Year tds ints cmps atts yds count rating ya aya
1 2007 40 28 610 983 6635 34 81.34706 6.774706 6.237941
2 2008 38 17 580 944 6559 34 90.60294 7.245588 7.303529
3 2009 42 35 653 1063 7537 34 81.37059 6.916765 6.117059
4 2010 39 27 666 1093 7029 34 81.53235 6.355882 6.016176
5 2011 54 23 683 1107 8391 33 92.59394 7.440909 7.567879
6 2012 47 35 697 1113 8153 33 89.07576 7.442121 7.048182
7 2013 63 34 745 1176 8674 32 91.80625 7.398125 7.225937
8 2014 48 25 746 1161 8272 33 90.81515 7.230606 7.060909
9 2015 49 31 705 1083 7631 33 90.07576 7.204242 7.037576
10 2016 48 19 728 1139 8267 32 91.6375 7.23125 7.267812
11 2017 38 25 640 1003 7074 31 86.09355 7.047097 6.635161

Plotting QB Performance Over Time

Now that our data is grouped by year, we can chart it over time to see how our key statistics such as Passer Rating and Adjusted Yard per Attempt are changing.

Passer Rating (2007-2017)

Adjusted Yards per Attempt (2007-2017)

It’s interesting to see that the plots of each statistic are almost identical - Passer Rating has come under a lot of fire recently, but we see it returning similar results to Adjusted Yards per Attempt, a more modern passing statistic. In either case, it’s clear that this season’s Week 1 passing performance has taken a significant nosedive versus the average quarterback performance over the past six years. Indeed, 2017’s average passer rating of 86.09 has much more in common with the three year average from 2007-2009, where quarterbacks scored and average rating of 84.33.

So Should We Panic?

Long story short - I don’t think so. Some of the worst performances of the week were by quarterbacks filling in for injury, such as Scott Tolzien. Andrew Luck returning to the field and proven quarterbacks such as Cam Newton and Joe Flacco continuing to get healthier will nudge the numbers back upwards. Furthermore, it’s tough to read too much into disappointing games from Brees and Brady, who seem just as likely to throw for 4 touchdowns each next game as have a disappointing Week 2.

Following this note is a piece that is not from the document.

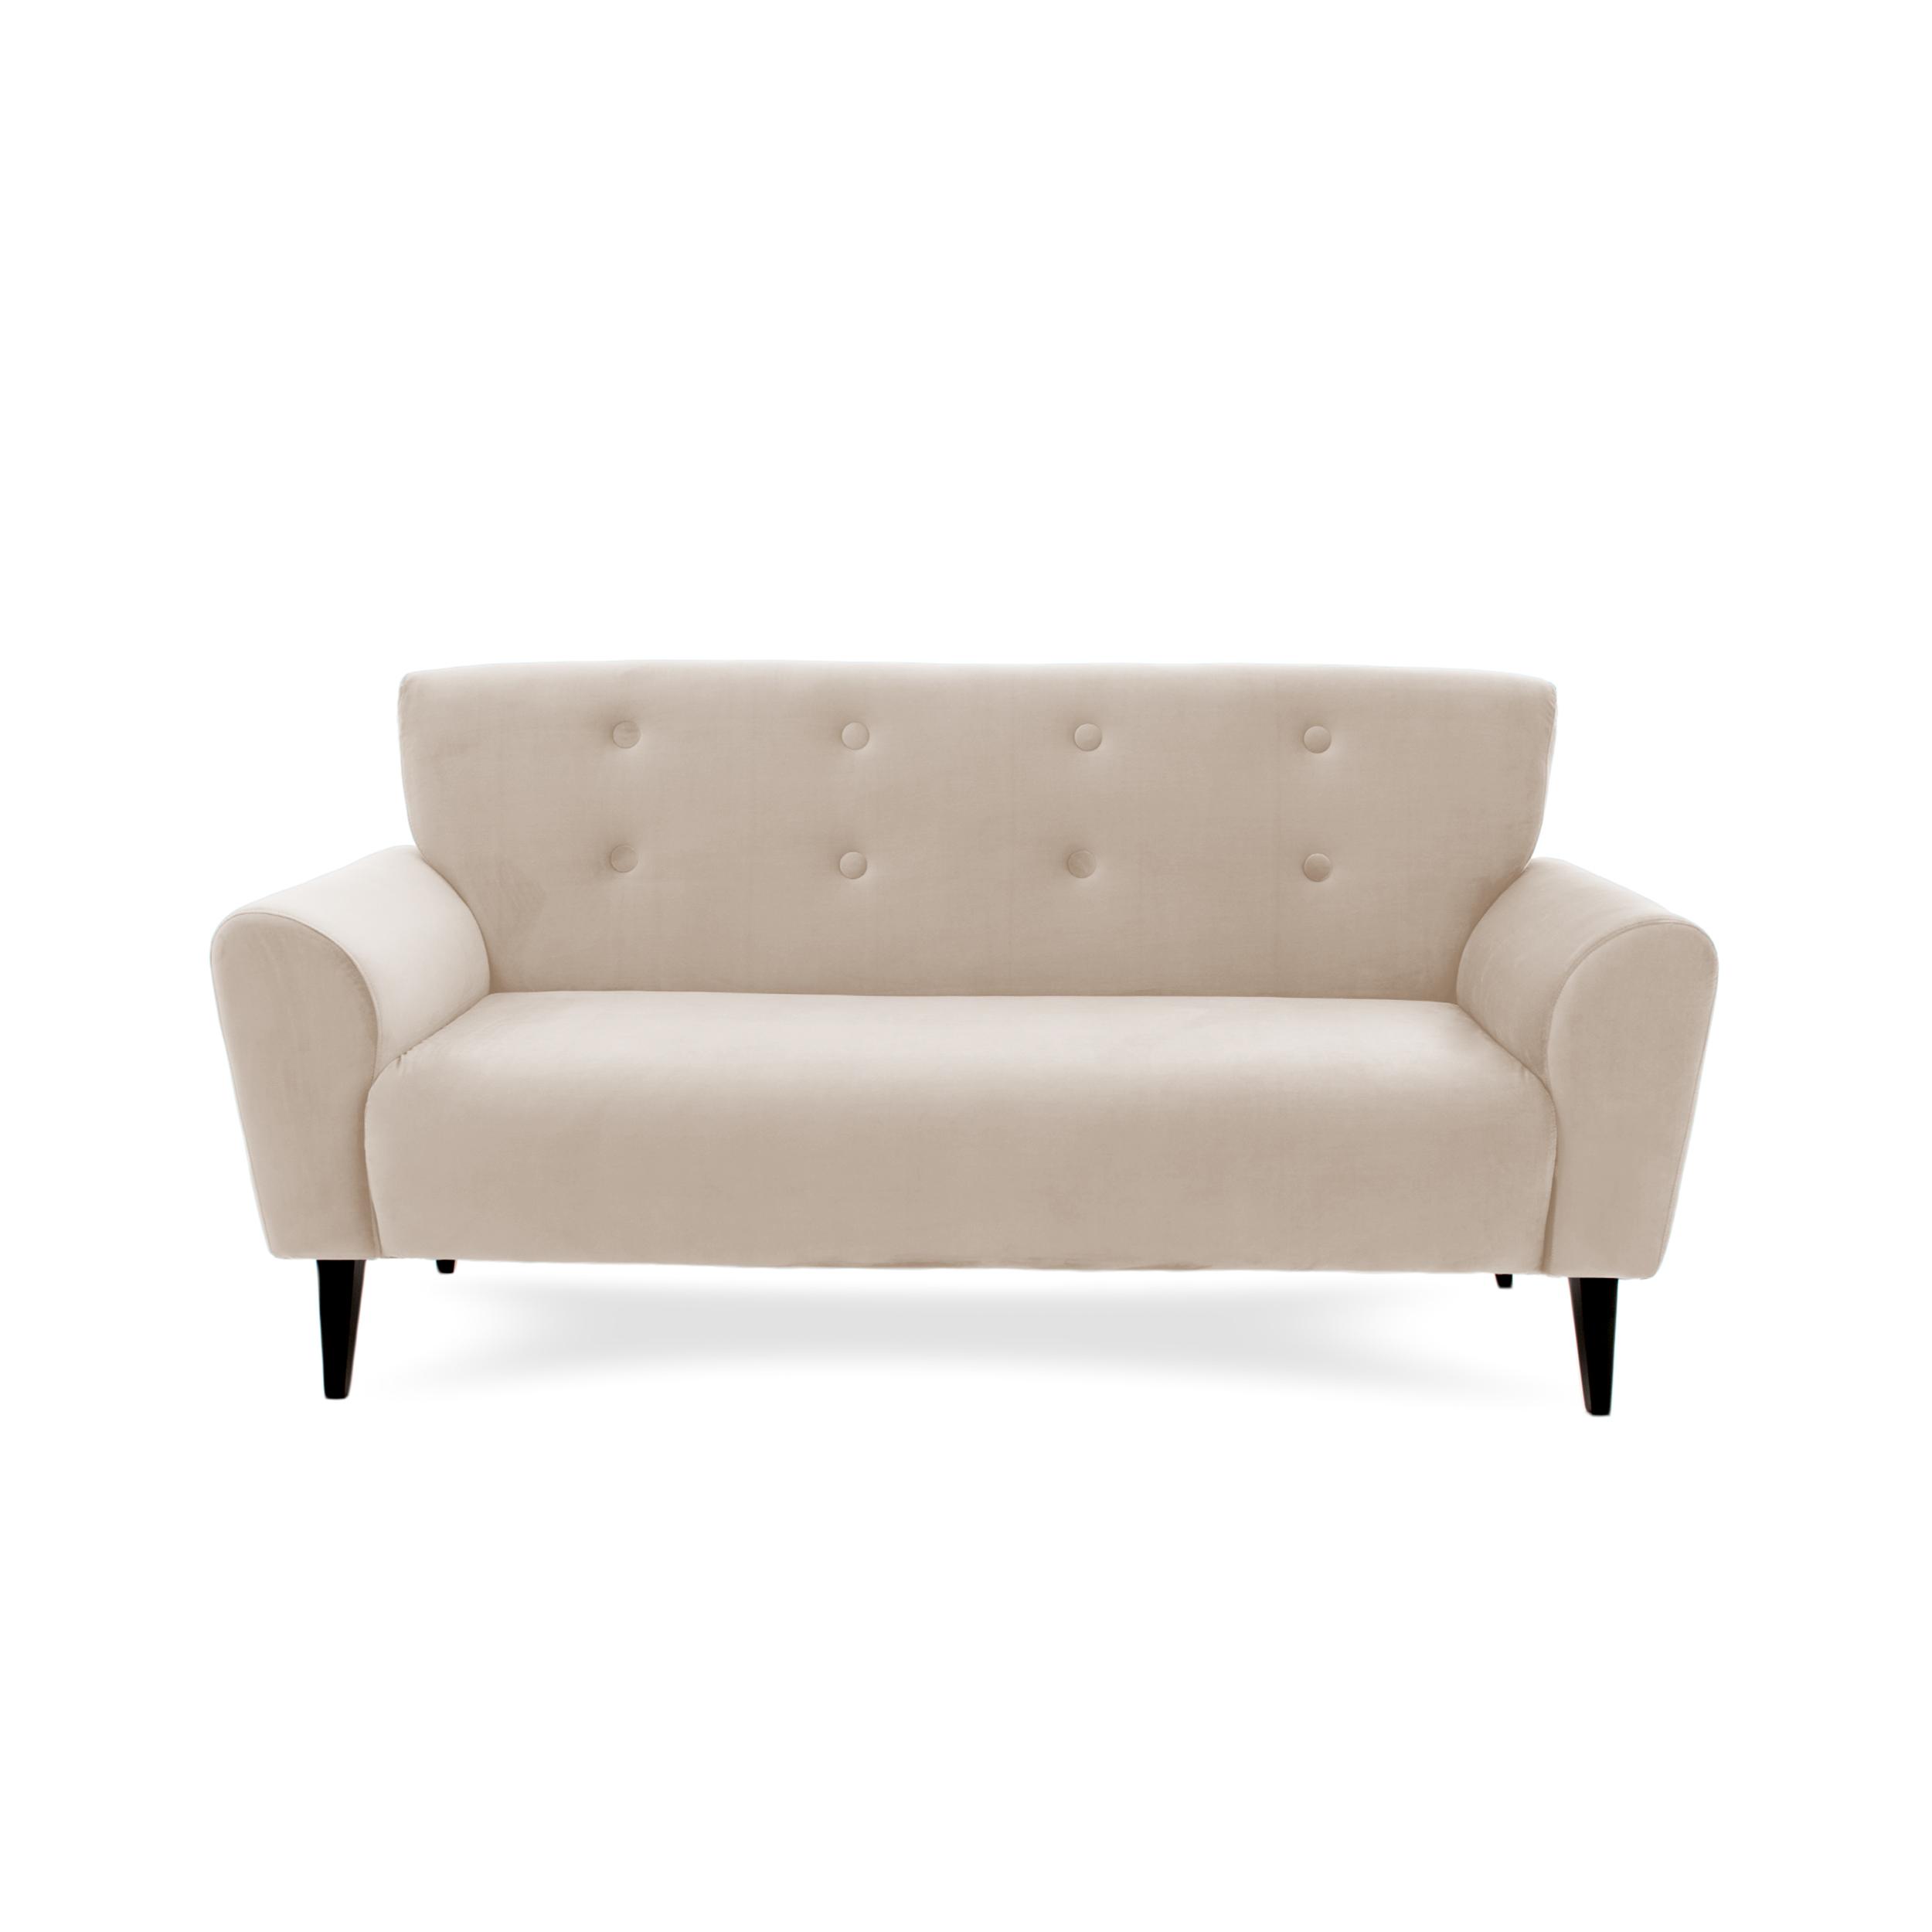 Canapea Fixa 3 locuri Kiara Silky Grey

What we may see, however, is that the passing “boom” from 2011-2016 is slowing down as defenses adapt and the quarterbacks from that era begin to age of of the league. It wouldn’t shock me if offensive production returns to a level more on the order of the mid-2000s as opposed to the early-2010s. Indeed, the scatter plot shows that while passer rating may have been on the decline in Week 1 versus the past few years, it is still well within the standard band of production.

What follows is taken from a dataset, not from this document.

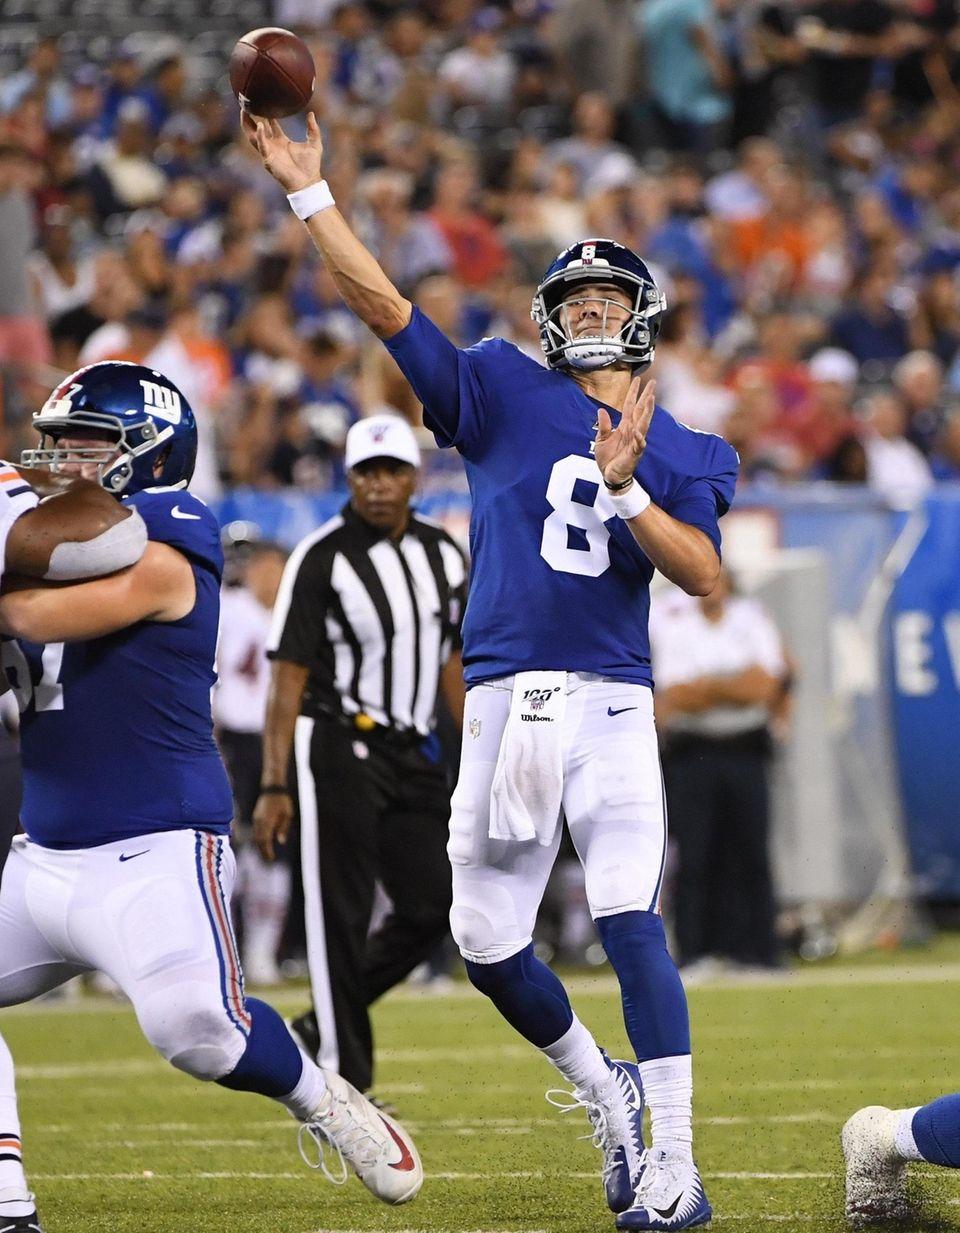 New York Giants quarterback Daniel Jones passes the

plot_rating_box <- ggplot(passing, aes(x = Year, y = Rate)) + geom_boxplot(fill = dodgerblue4, color = grey22, alpha = 0.7) + scale_x_discrete(name = "Year") + scale_y_continuous(name = "Passer Rating", breaks = seq(0, 175, 25), limits=c(0, 175)) + ggtitle("Boxplot of Mean Week 1 Passer Rating in the NFL (2017)") + theme_bw()

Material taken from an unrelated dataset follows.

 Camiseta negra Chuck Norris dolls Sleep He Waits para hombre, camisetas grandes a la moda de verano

Adjusted Yards per Attempt (2007-2017)


All told, Week 1 did show some interesting signs that quarterback play across the NFL may be primed to slip this season. With that said, I’m still betting that play improves over the course of next week as injured quarterbacks heal up and proven commodities return to their career performance baselines. The lofty heights of 2011-2013, where Drew Brees and Peyton Manning dominated the league through the air may be gone, but today’s passers are still no joke - let’s hope they bounce back.